MEXICO CITY - After waiting for a year and 10 months in Mexico to cross into the U.S., Alida Jeannethe Barritos and her husband walked across the bridge Thursday into Brownsville, Texas in less than an hour.
“It’s so pretty here,” she said in an interview from a Greyhound bus winding its way to Kentucky. “We are so happy. And with God’s help, we can continue to move forward and help our families.”
Barritos, 45, and her husband were among the first group of 27 migrants from the Matamoros border camp to enter the U.S. under a new immigration policy introduced by President Joe Biden that will gradually allow thousands of asylum seekers to wait for their immigration hearings in the U.S., instead of in Mexico.
The change brings to an end former President Donald Trump’s controversial Migrant Protection Protocols (MPP) program that sent 70,000 migrants to Mexico to wait for a decision in their immigration cases. The program was widely criticized by migrant and human rights advocates for sending asylum seekers to Mexico’s most dangerous cities, where many were preyed on by cartels,kidnapped and extorted.
Biden started gradually rolling back the program last week, with some asylum seekers under MPP permitted to cross into San Ysidro, California. But the rollout was delayed for several days in Matamoros because of a winter storm and other problems. The Matamoros encampment has become emblematic of MPP, where, at its height, some 2,500 children and adults seeking asylum in the U.S. were living in makeshift tents on the steps of the Rio Grande River.
Barritos and her husband were making coffee in their tent there when a United Nations employee walked over early Thursday morning. “You are one of the people selected to cross today,” the worker told them. “You have 20 minutes to pack up.”

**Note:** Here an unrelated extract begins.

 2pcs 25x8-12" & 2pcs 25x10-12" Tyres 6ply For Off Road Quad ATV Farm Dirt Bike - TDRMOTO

Barritos’ husband was so nervous that he dropped to the ground - they had been waiting in Mexico since July 8, 2019, after fleeing Guatemala because a gang was threatening to kill them, they said. “It was a total surprise. You can’t imagine the happiness we felt when they told us that,” Barritos said. “We had been waiting for so long.”

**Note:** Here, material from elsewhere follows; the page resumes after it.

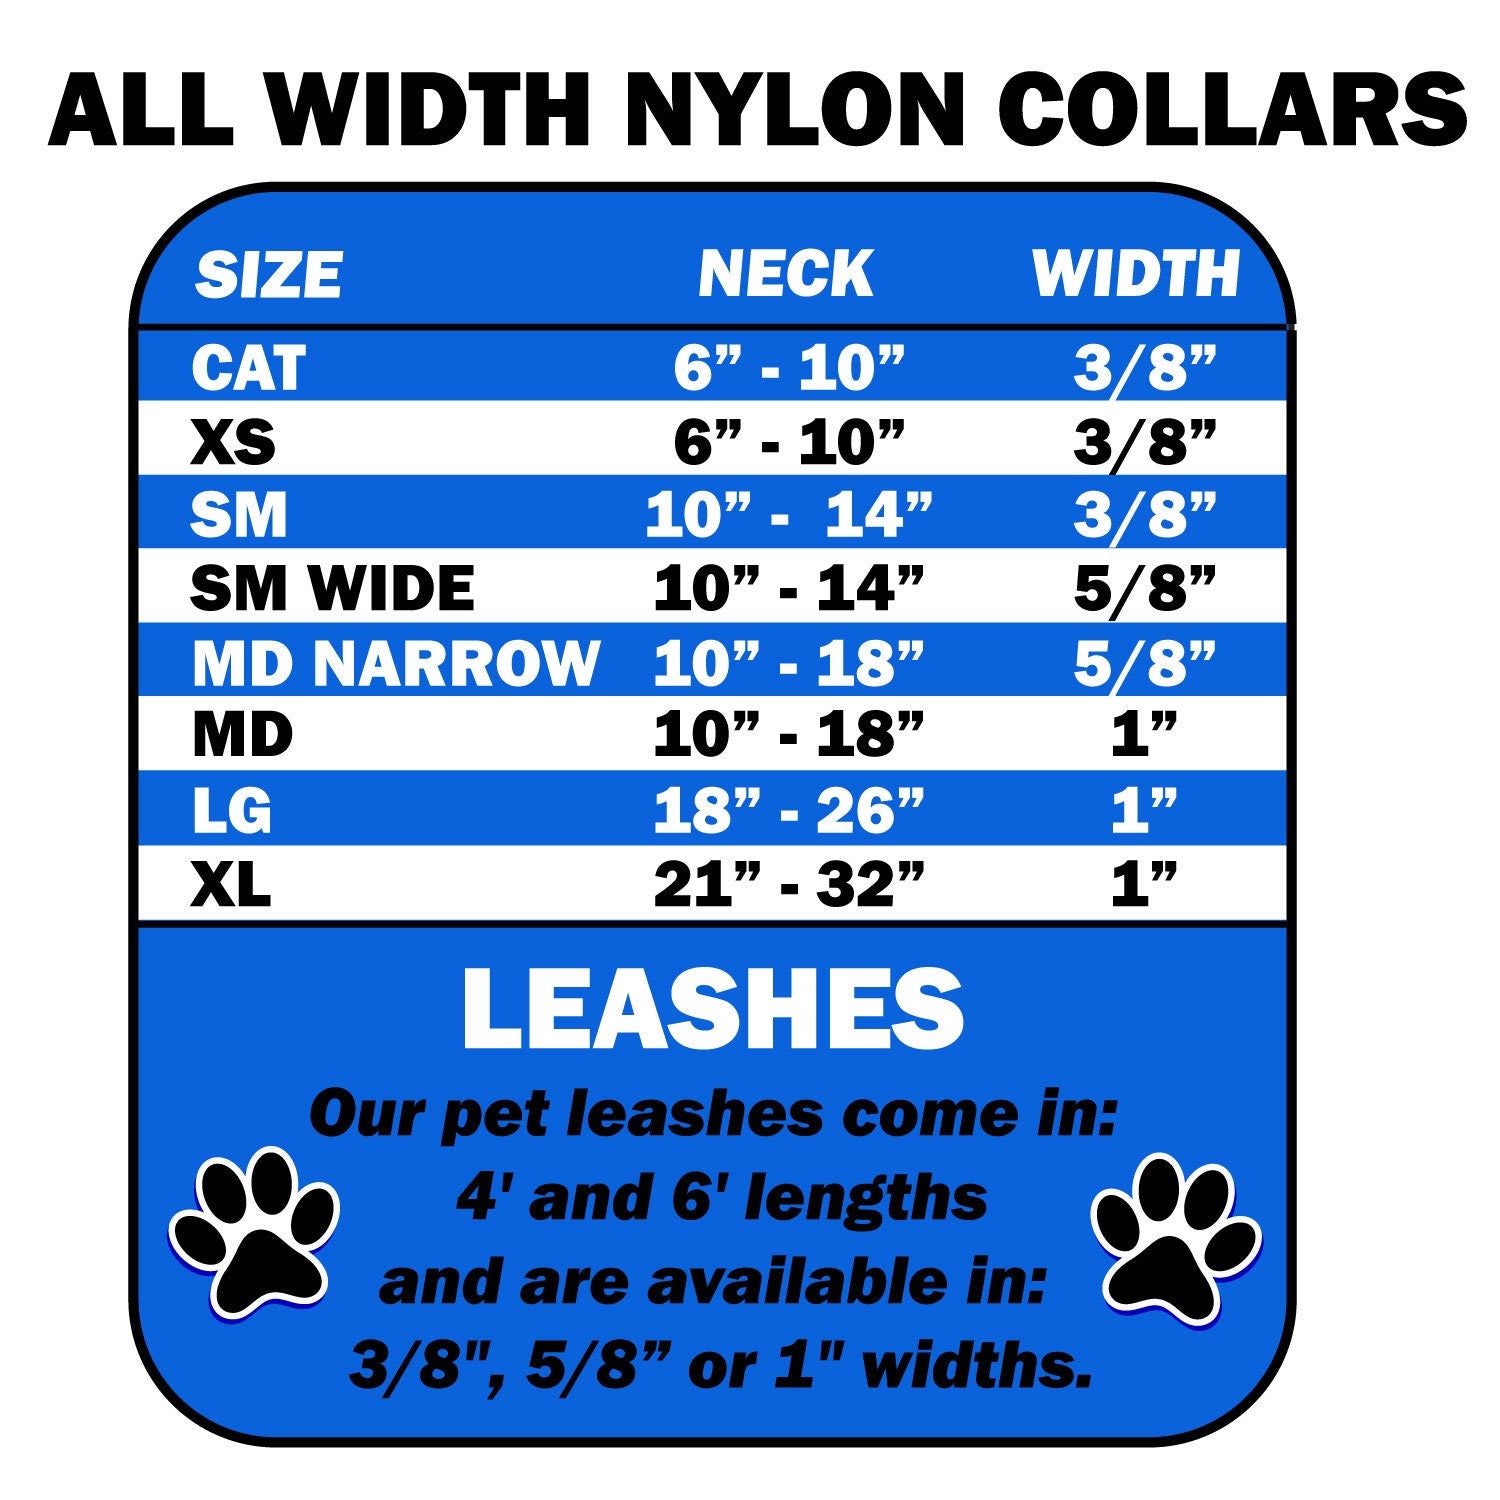 Christmas Pet Dog & Cat Nylon Collar or Leash, "Candy Cane Bones"

The Biden administration is prioritizing asylum seekers who have been waiting the longest under MPP. It is only accepting those migrants with active cases - around 29,000 of the 70,000 put into the program.
Some activists are calling on the administration to also open the process to migrants who had their cases closed because they missed their last court hearing. Many returned home after being kidnapped or extorted, rather than continue to wait for their hearing in dangerous Mexican border cities.
“Although some people with pending cases may have given up after waiting for their hearing or due to violence in northern Mexico, it remains a legal and moral imperative that the U.S. government abide by national and international refugee law and provide these individuals with an opportunity to request asylum,” said Austin Kocher, a research assistant professor with Syracuse University’s Transactional Records Access Clearinghouse (TRAC), which tracks MPP cases.
On Friday, U.S. Secretary of State Antony Blinken and Mexican Foreign Minister Marcelo Ebrard held a virtual meeting to discuss, among other things, “an orderly and humane approach to migration,” according to a statement from Blinken’s spokesman.
For Barritos, waiting a year and a half in Mexico paid off. She said it didn’t take long for the couple to pack – they already had prepared a suitcase for this day. But they left almost everything else behind: The tent; the makeshift kitchen; sheets, even shoes. She gave it to another asylum seeker who arrived at the camp a few weeks earlier.
The couple was given a covid test, and then taken to the bridge separating Mexico and the U.S. Within an hour, they had documents indicating they could legally be in the U.S. while they pursue their immigration case.
Their first meal in the U.S.: a ham and cheese sandwich. “We were so hungry - it was delicious,” Barritos said. She called her younger brother who lives in Kentucky. He bought them bus tickets to Kentucky, where he lives.
“We never lost faith and hope that we were going to cross,” she said. “That all the suffering we went through wasn’t going to be in vain.”